Ranu yang penasaran langsung meneguk air itu. Ia merasakan kenikmatan pada tegukan pertama, dan semakin nikmat pada tegukan berikutnya. Setelah beberapa saat, Ranu merasa kepalanya ringan dan langkahnya menjadi goyah. Untuk ikut berjoget bersama-sama dengan hewan lain di puncak acara pesta, ia tak mampu. Ia hanya duduk saja menyaksikan kegembiraan teman-temannya dengan pandangan yang kabur.

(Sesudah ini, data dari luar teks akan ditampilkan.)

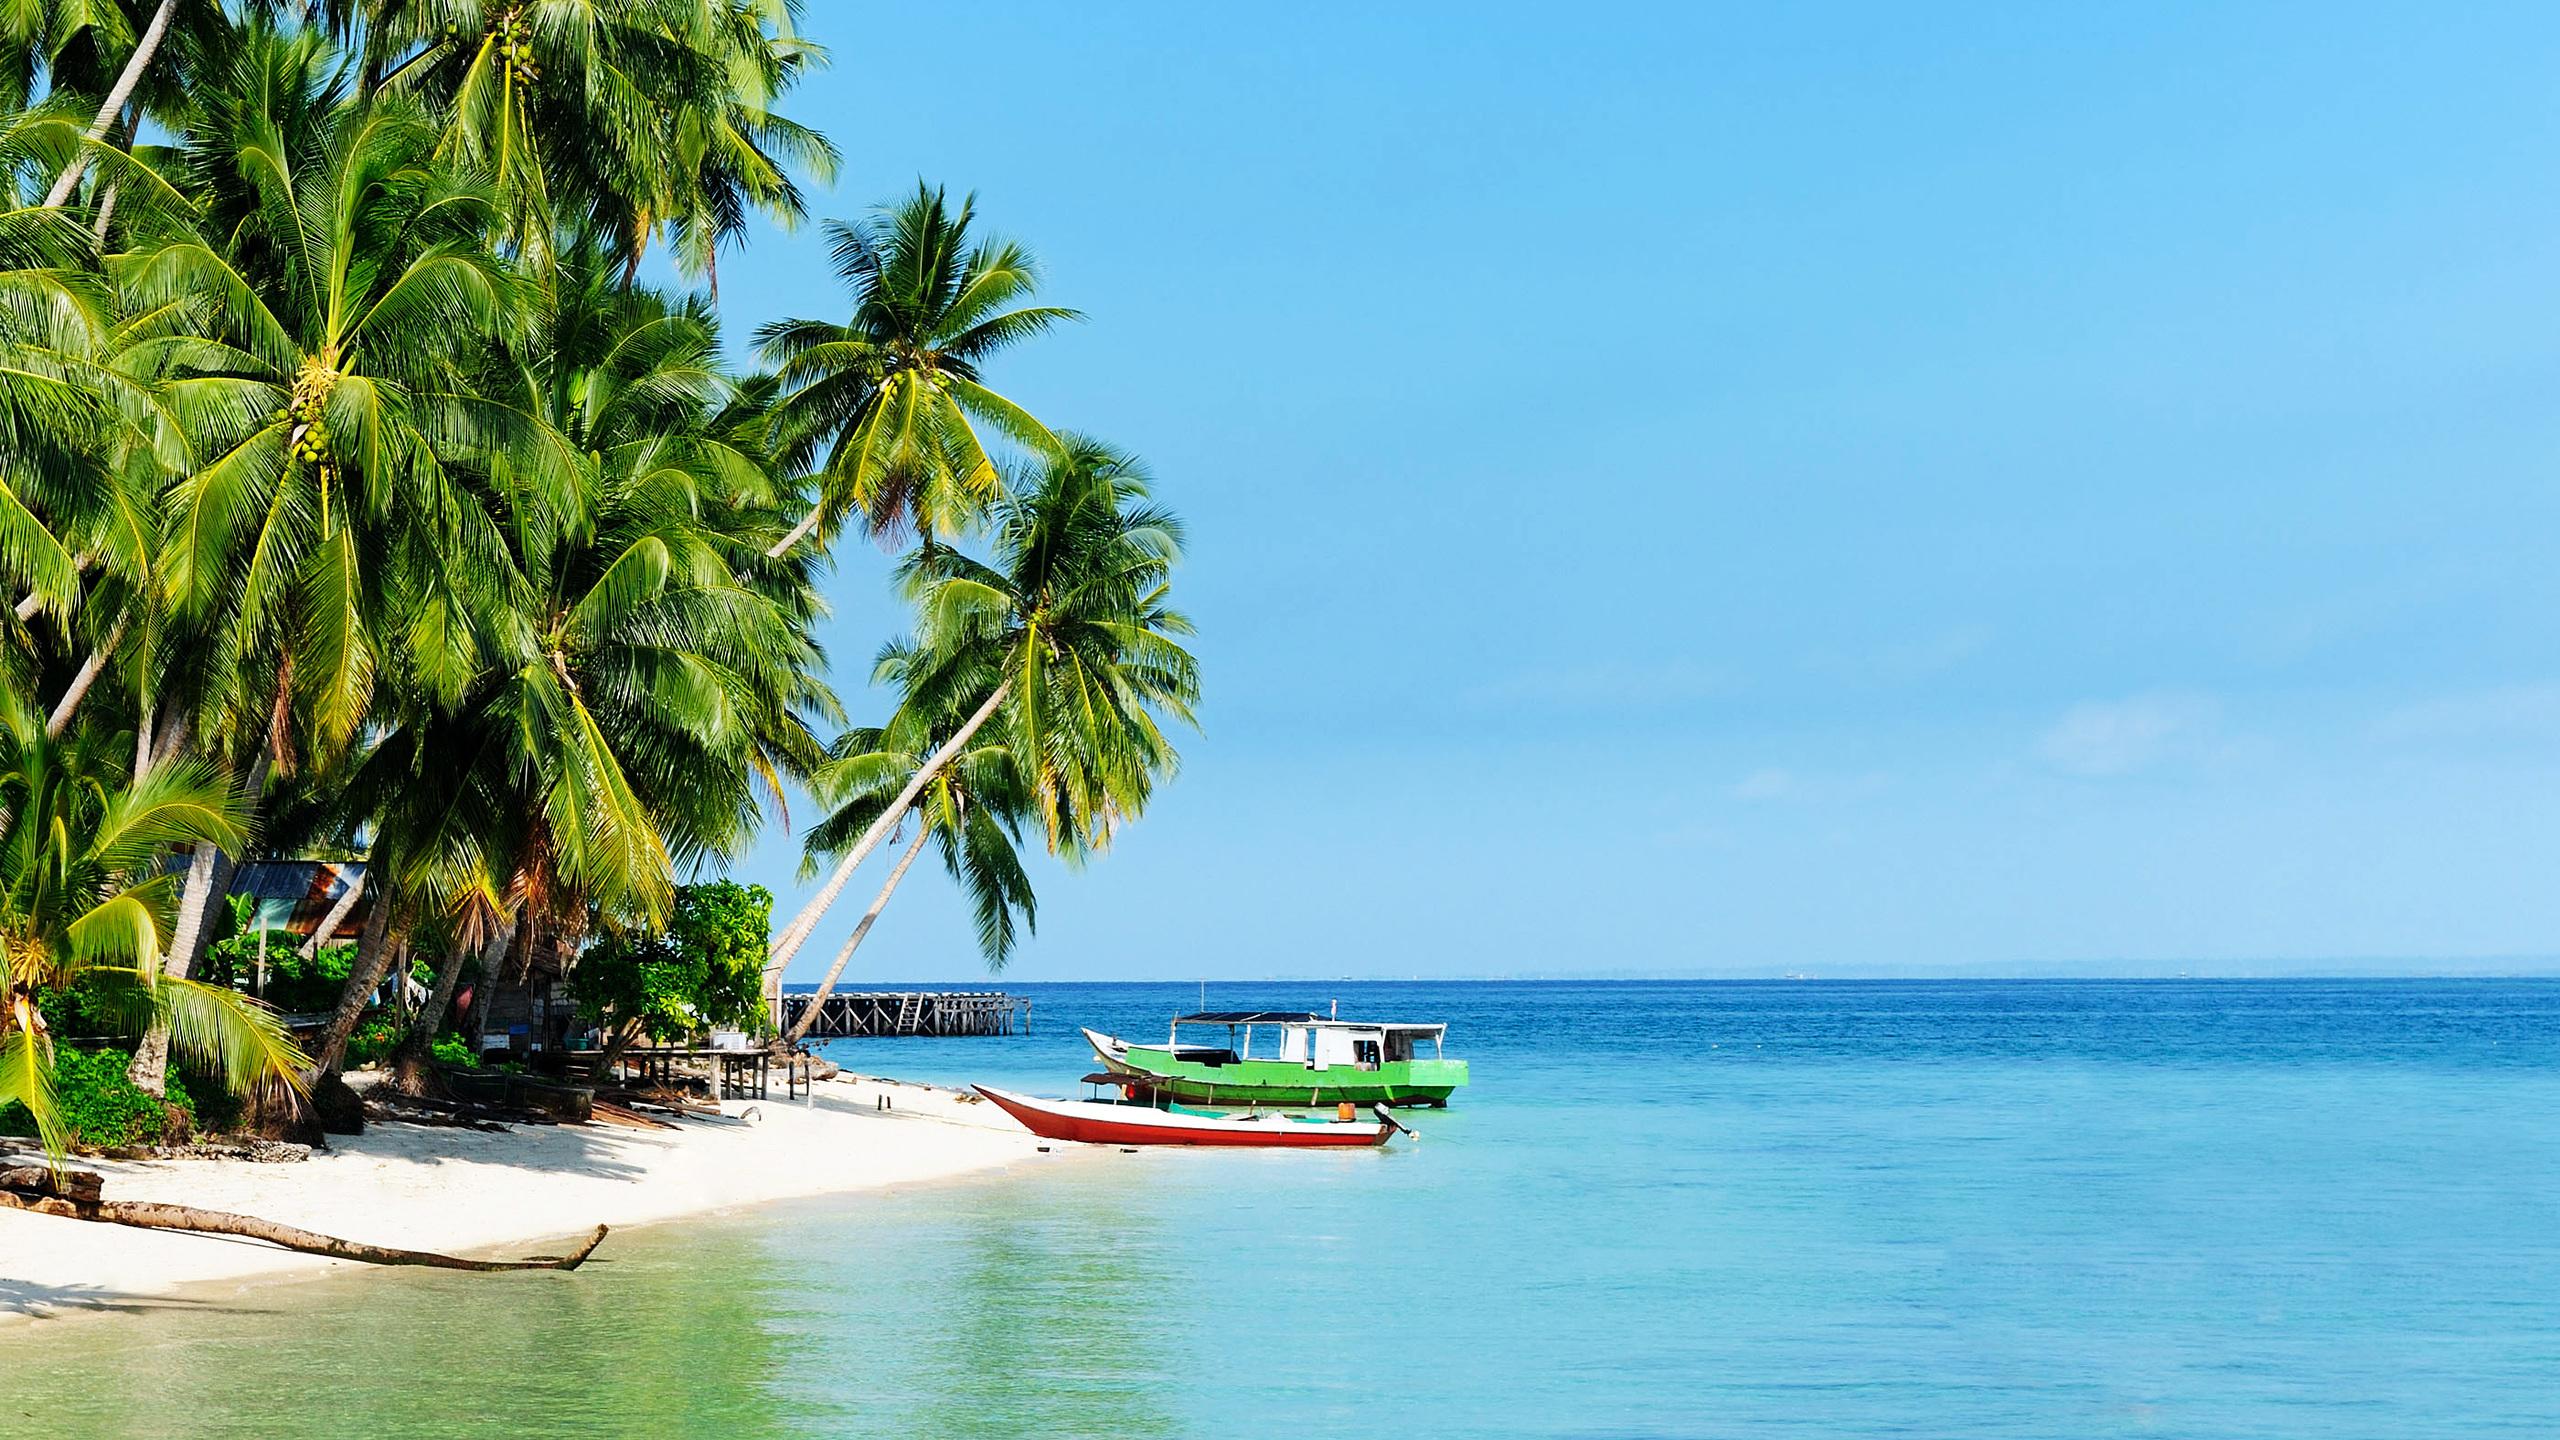 Download Wallpaper Macbook Tropical - white-sandy-beach-of-the-derawan-islands-wallpaper-2560x1440-604  Image_432388.jpg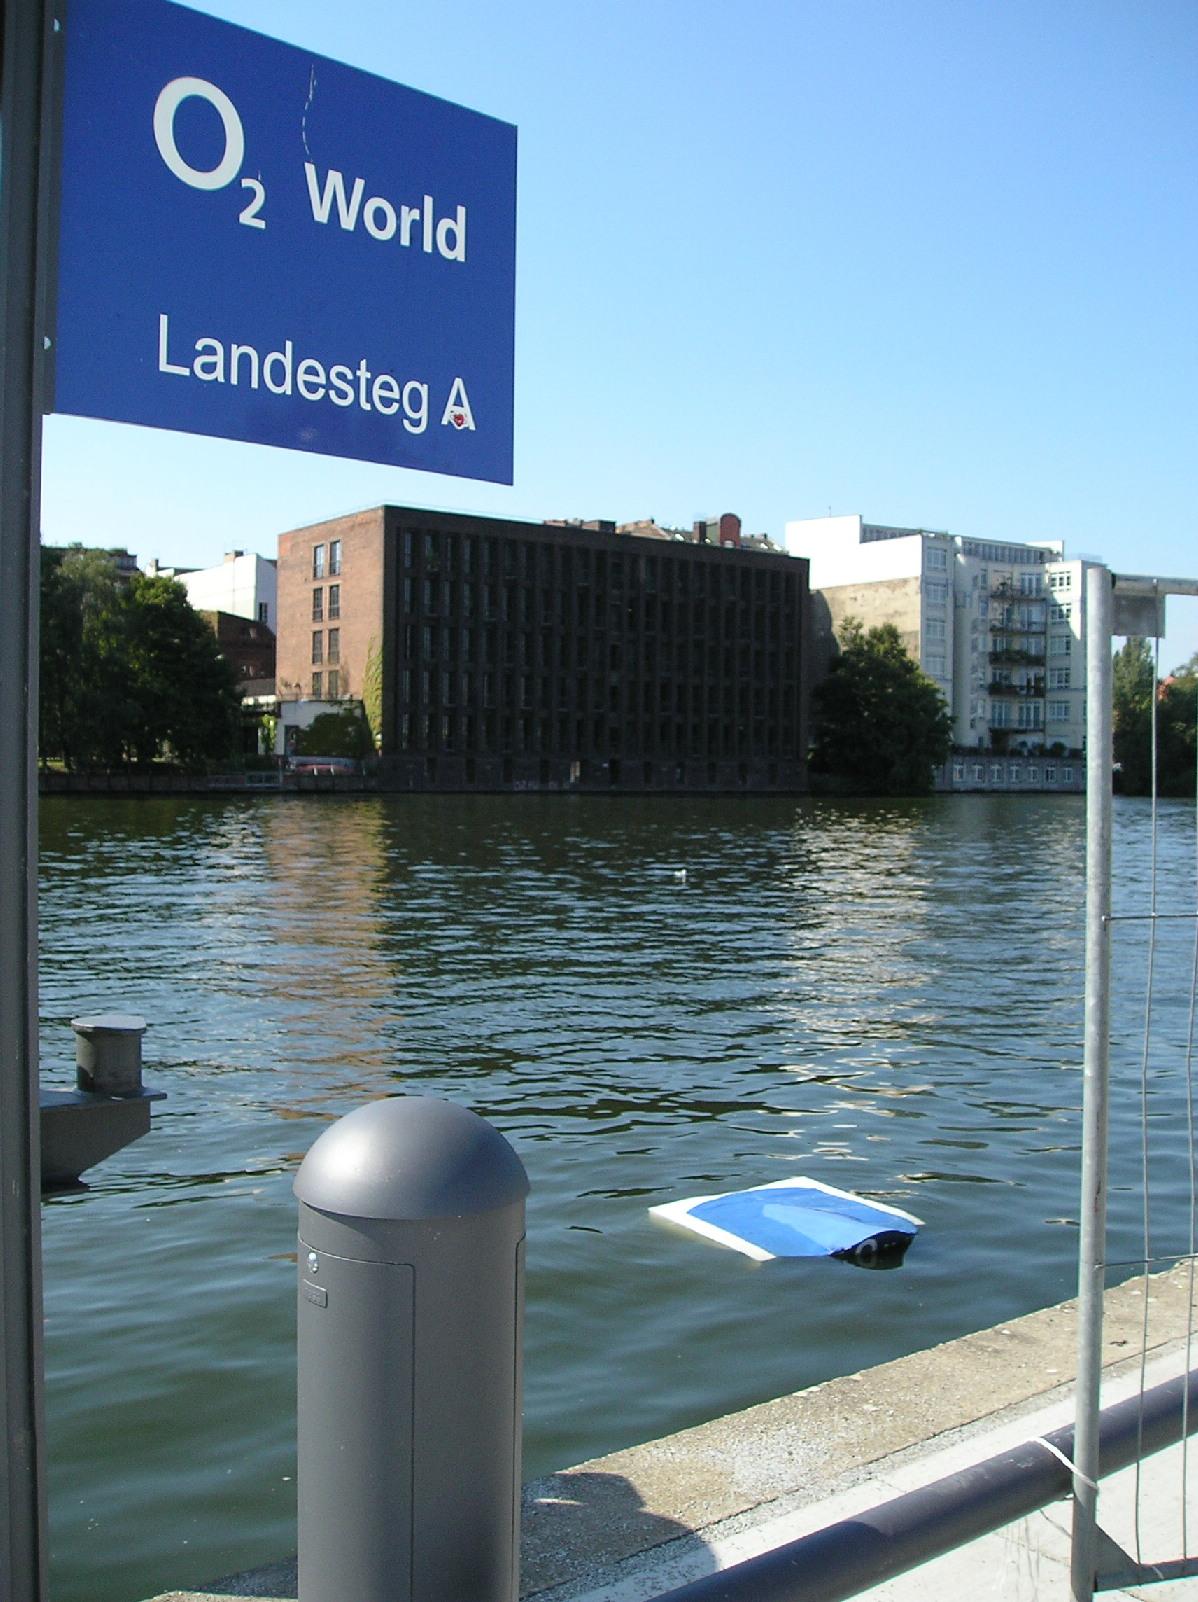 o2-world-landesteg

Ketika semua pengunjung beranjak pulang, ia pun kembali ke sarangnya. Di tengah perjalanan, hujan mulai turun dengan deras, membuat tanah hutan menjadi licin. Kakinya sempat terantuk akar pohon saat ia berjalan melewati tikungan. Beberapa langkah kemudian Ranu baru menyadari bahwa salah satu kukunya terluka. Ia pun berhenti sejenak untuk memeriksa luka itu, tetapi ketika menundukkan kepala, ia malah tergelincir dan jatuh ke dalam rawa yang dalam. Ranu berusaha sekuat tenaga untuk keluar dari lumpur yang pekat, namun setiap kali ia mencoba, kakinya semakin tenggelam. Ranu mulai panik, terutama saat permukaan air rawa itu terus naik akibat hujan yang deras. Dengan seluruh kekuatannya, Ranu akhirnya berhasil melompat keluar dari rawa. Tubuhnya penuh lumpur, dan ia menggigil kedinginan.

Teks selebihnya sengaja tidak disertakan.